Aren’t her and Ronnie are making a beautiful team, even if her Californian inspired high self-esteem therapy speak becomes a little cloying at times. I pine for her to take the advice Kevin Spacey’s character President Frank offered his wife in House of Cards: “Put some steel back into your game.”

Yesterday’s comments led me to my daily focus of five minutes on insider/access journalism, usually performed by the good soldiers and true believers of pro surfing whose instincts, inasmuch as we can divine them, are to protect rather than reveal to hinder our understanding if it contrasts too  sharply from the official narrative.

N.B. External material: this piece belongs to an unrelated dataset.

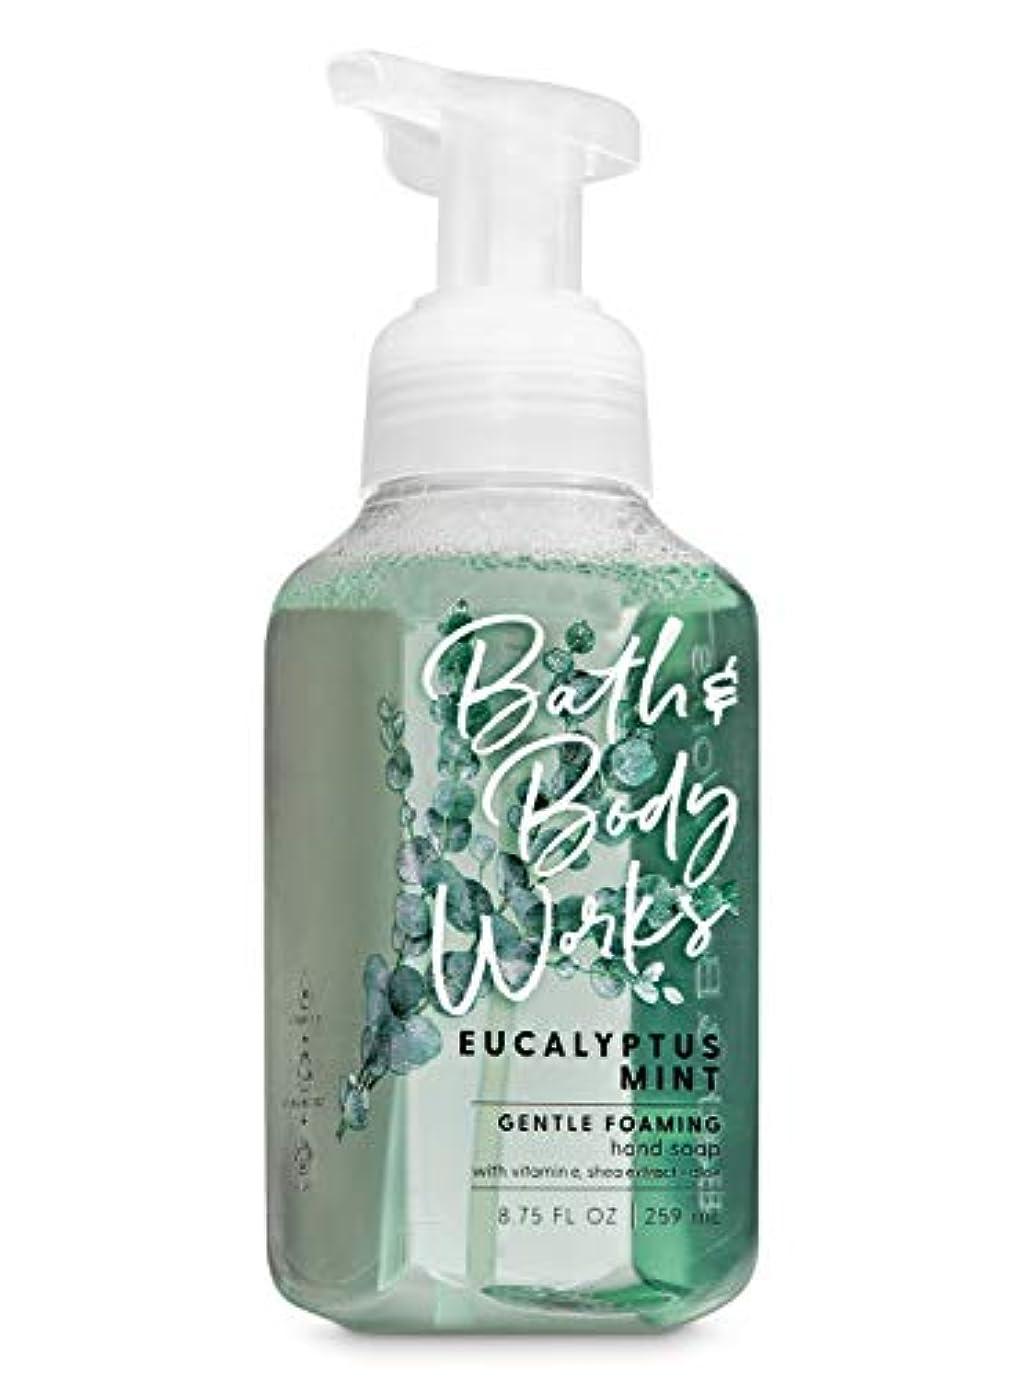 風邪をひく姉妹説教バス&ボディワークス ユーカリミント ジェントル フォーミング ハンドソープ Eucalyptus Mint Gentle Foaming Hand Soap

As Nick Carroll constantly reminded us in his biography of Tom Carroll when referencing the drug culture on Tour, “ I didn’t write about the drugs.”

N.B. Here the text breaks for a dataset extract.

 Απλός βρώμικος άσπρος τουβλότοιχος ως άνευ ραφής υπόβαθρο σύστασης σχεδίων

Who can blame him? Who would? Who would destroy relationships and the cosy, clubby atmosphere of being amongst friends and equals – of being accepted – by lifting the carpet and counting the scuttling cockroaches that fled from the light? Better to look away and be a myth-maker.

It’s why the best writing about surfing always comes from outside the inner circle. Our beloved Fred Pawle got a Pulitzer for his expose on Sarge or was it a Walkley for his story about gay tour surfer Matt Branson? Same difference.

Goddamm it, I just wasted a half hour on this tight deadline thumbing my paperback copy of Hunter Thompson’s greatest book, The Great Shark Hunt, looking for the quote where Hunter describes just this clubby band of insider journalists and how they end up becoming good Germans and useful idiots.

Ah, here it is! Take it away Hunter.

“The most consistent and ultimately damaging failure of surf* journalism in America has it’s roots in the clubby/cocktail personal relationships that inevitably develop between politicians and journalists… When professional antagonists become after hours drinking buddies they are not likely to turn each other in… especially not for minor infractions of rules that neither side takes seriously; and on the rare occasions when minor infractions suddenly become major there is panic at both ends”.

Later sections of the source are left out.